Compound 4 (Phomoarcherin B) is a natural compound found in the endophytic fungus Phomopsis archeri, and it was first isolated and characterized as a pentacyclic aromatic sesquiterpene via spectroscopic analysis by Hemtasin et al. [61]. They were tested for antimalarial activity against Plasmodium falciparum and anticancer activities against cholangiocarcinoma cell lines. Bedi et al. (62) also stated the anticancer activity, whereas no in vitro or in vivo assay was performed regarding its antiviral or RNase H inhibitory activity.
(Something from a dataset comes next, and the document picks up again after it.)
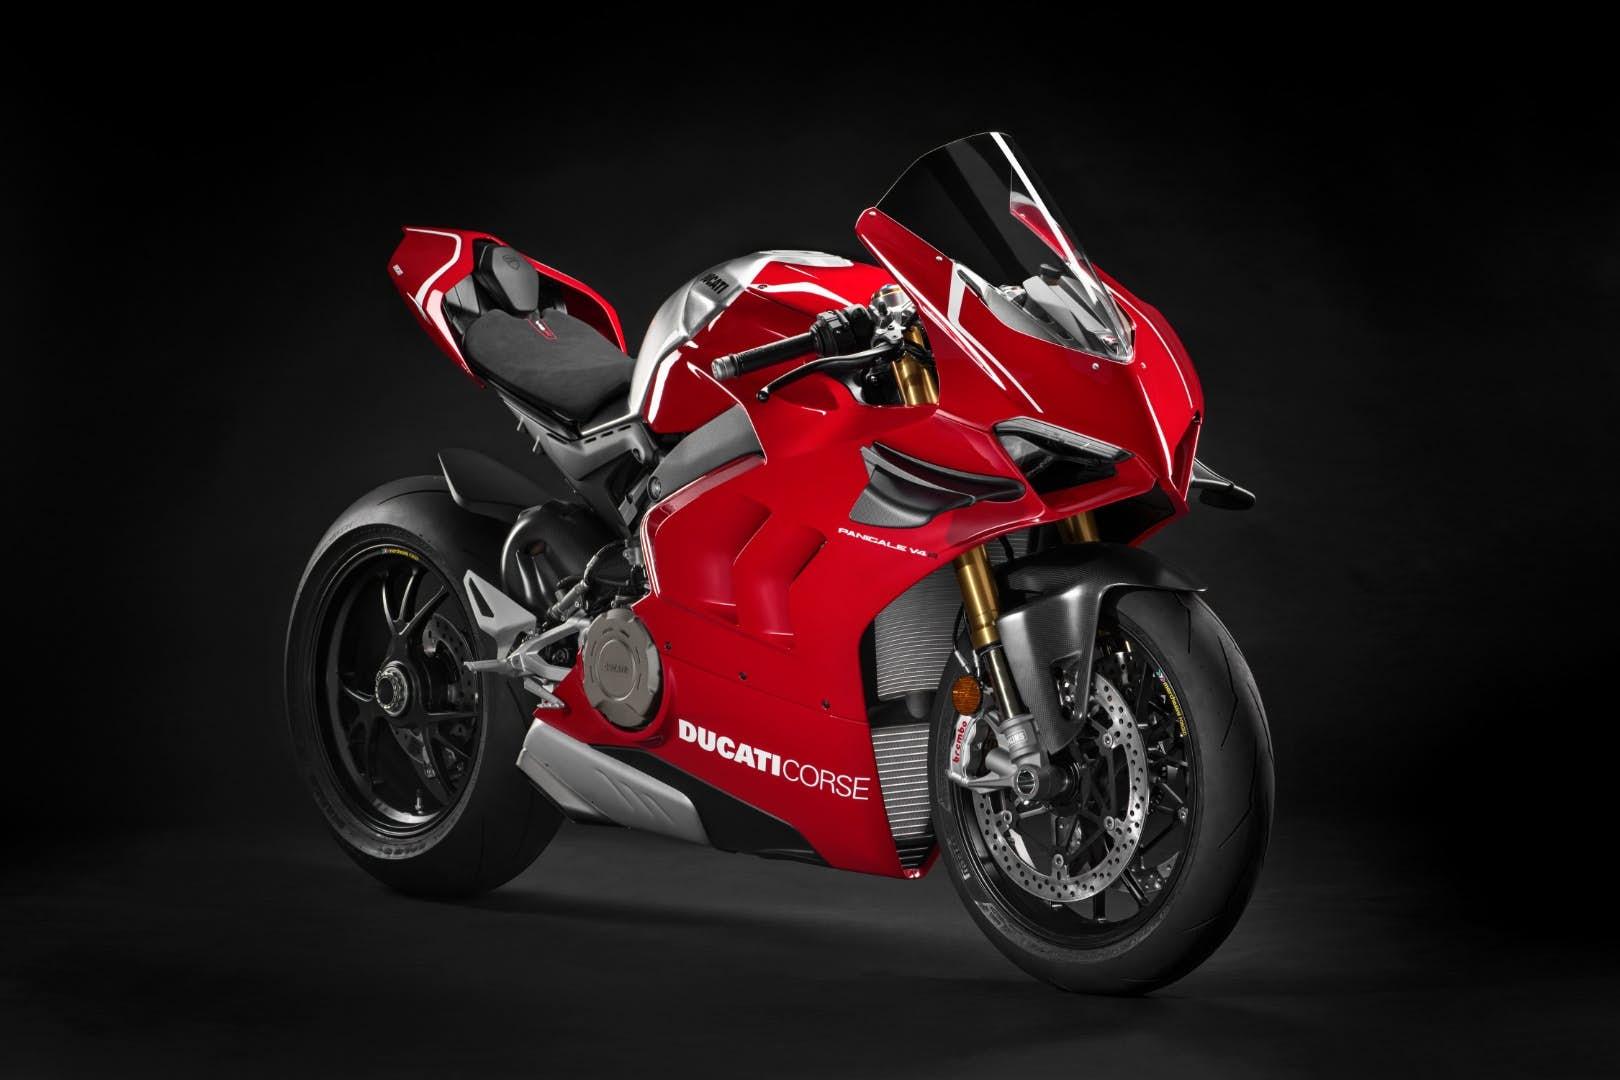 La nueva Ducati Panigale V4R es una moto de carreras homologada para la calle

As known, major antiretroviral drugs cannot penetrate through the blood-brain barrier, which reduces their efficiency against HIV in the brain and results in the formation of reservoirs [62]. As shown in Table 5, Phomoarcherin B can penetrate the blood-brain barrier, increasing its drug-candidate potential. However, further in vitro assays and clinical trials are needed to confirm its pharmaceutical potential as an HIV-1 RNase H inhibitor.

We suggest that the additional docking studies of Phomoarcherin B with FIV and monomeric reverse transcriptase of MLV belong to the Retroviridae family and RNase H of Bacteriophage T4, which belongs to Myoviridae family, have also provided promising results. Moreover, assumed anti-RNase H activity will provide more knowledge on the effect of Phomoarcherin B with additional in vitro and in vivo studies (details provided in Supplementary Data 9, Supplementary Data 10, and Supplementary Data 11) (Fig. 5). However, we should stress that computational studies are not sufficient alone to show the inhibitory effect of our suggested candidate compound. Even the affinity of Phomoarcherin B to nucleic acid could be higher than the other three compounds over the active site. We also need some experimental studies and future works for validation.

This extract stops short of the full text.